Tratamiento de agua para piscinas

Tratamiento de agua para piscinasDurante la etapa de calor aumenta la concurrencia de gente en las piscinas. En nuestro país existen, aproximadamente 580.000 piscinas. De éstas, 10.300 son de empleo colectivo-deportivo.

En caso de que el agua no esté correctamente tratada pueden aparecer problemas sanitarios como por ejemplo la transmisión de enfermedades, la aparición de agentes patógenos.

Los buenos tratamientos consiguen que se destruya de manera eficaz e inminente aquellos microorganismos que se introduzcan en el vaso de la piscina. Para acabar con toda la materia orgánica, tiene que existir un agente antioxidante que acabe con los agentes externos que puedan perjudicar el agua, como la vegetación o bien los propios bañistas, entre otros.

Para que el tratamiento sea completo se debe contar con un buen sistema de filtración que mate cualquier partícula. Para eliminar las partículas con facilidad, se utiliza un sistema de agentes floculantes que las agrupa.

Para los sistemas de filtración se utiliza el cloro que, sin embargo tiene un inconveniente, ya que produce la aparición de compuestos organoclorados. Estos compuestos son los que se relacionan con los olores típicos de las piscinas, los cuales no son muy saludables para la salud de los bañistas.

Nuevos Métodos de Tratamiento de agua para piscinas

Actualmente, se emplean unos 5.800 millones de litros diarios para renovar el agua de las piscinas, lo cual podría satisfacer la demanda de 35 millones de españoles.

Es por estos datos que deben empezar a considerarse otros sistemas de filtración de agua en las piscinas, ya que una piscina que esté bien tratada necesita una menor dilución del agua del vaso.

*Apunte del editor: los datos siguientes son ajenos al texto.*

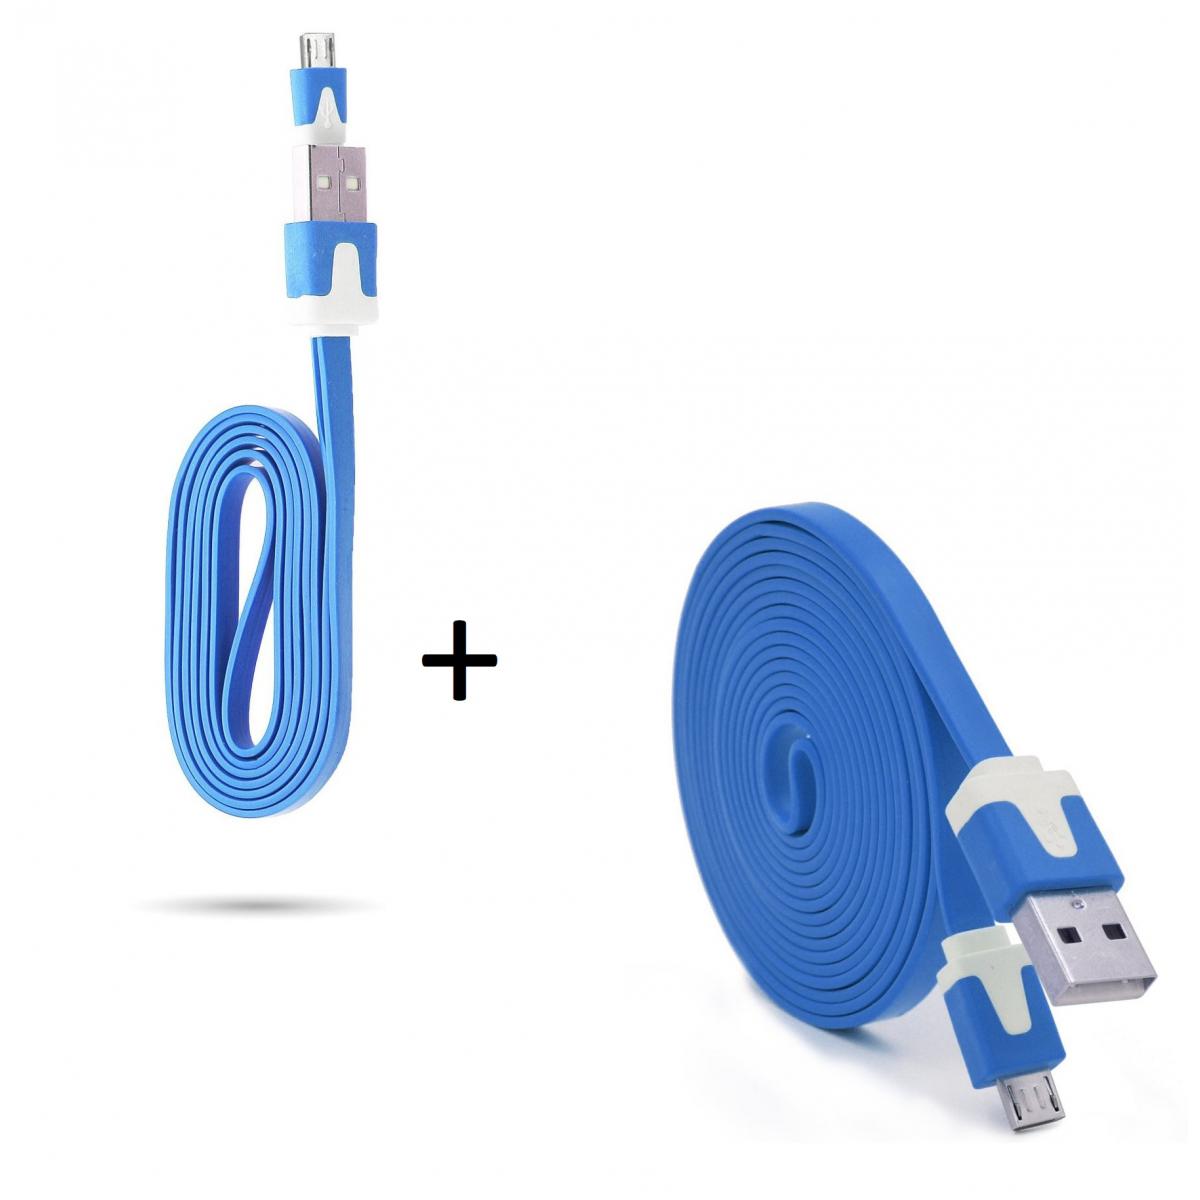 Shot - Pack Chargeur pour JBL CLIP 3 Smartphone Micro USB (Cable Noodle 3m + Cable Noodle 1m) Android (BLEU) - Chargeur secteur téléphone

Actualmente, existen otros tratamientos complementarios y alternativos a la cloración tradicional, los cuales, reducen el consumo del cloro y por tanto el aporte de agua.

Desinfección del agua y depuración

piscina limpia

piscina limpiaDurante el verano, muchas son las personas que usan las piscinas para relajarse o practicar actividades deportivas. En muchas ocasiones pueden aparecer agentes patógenos y de transmisión de enfermedades debido a un mal tratamiento del agua de la piscina.

Si se depura el agua de la piscina, se crea un efecto biocida que consigue destruir de manera muy eficiente los microorganismos que se crean en el agua de la piscina.

Asimismo, también tiene que haber un agente oxidante que sea el encargado de eliminar la materia orgánica que pueda aparecer en el agua (debido a un agente externo o a las propias personas).

Para que la desinfección y depuración del agua sea completa, se debe utilizar un sistema de filtración que haga desaparecer las partículas más grandes. Para ello, los floculantes son los mejores elementos ya que agrupan las partículas y hacen que éstas sean eliminadas más fácilmente.

Uso del cloro para la desinfección del agua

El tratamiento más utilizado para la depuración del agua es el cloro. Sin embargo, éste tiene un inconveniente, y es que debido a su uso se produce la formación de compuestos organoclorados que son los responsables del olor en la piscina, de las cloraminas y de los efectos perjudiciales para la salud de las personas, como la irritación de las mucosas o de los ojos.

Además, debido a las acumulaciones de compuestos que se crean y a los agentes estabilizantes que encontramos en el cloro comercial (por ejemplo, el ácido isacianúrico) y que pueden ser dañinos para la salud, los técnicos sanitarios exigen que se produzca un cambio de manera diaria de una parte del agua (aproximadamente un 5%).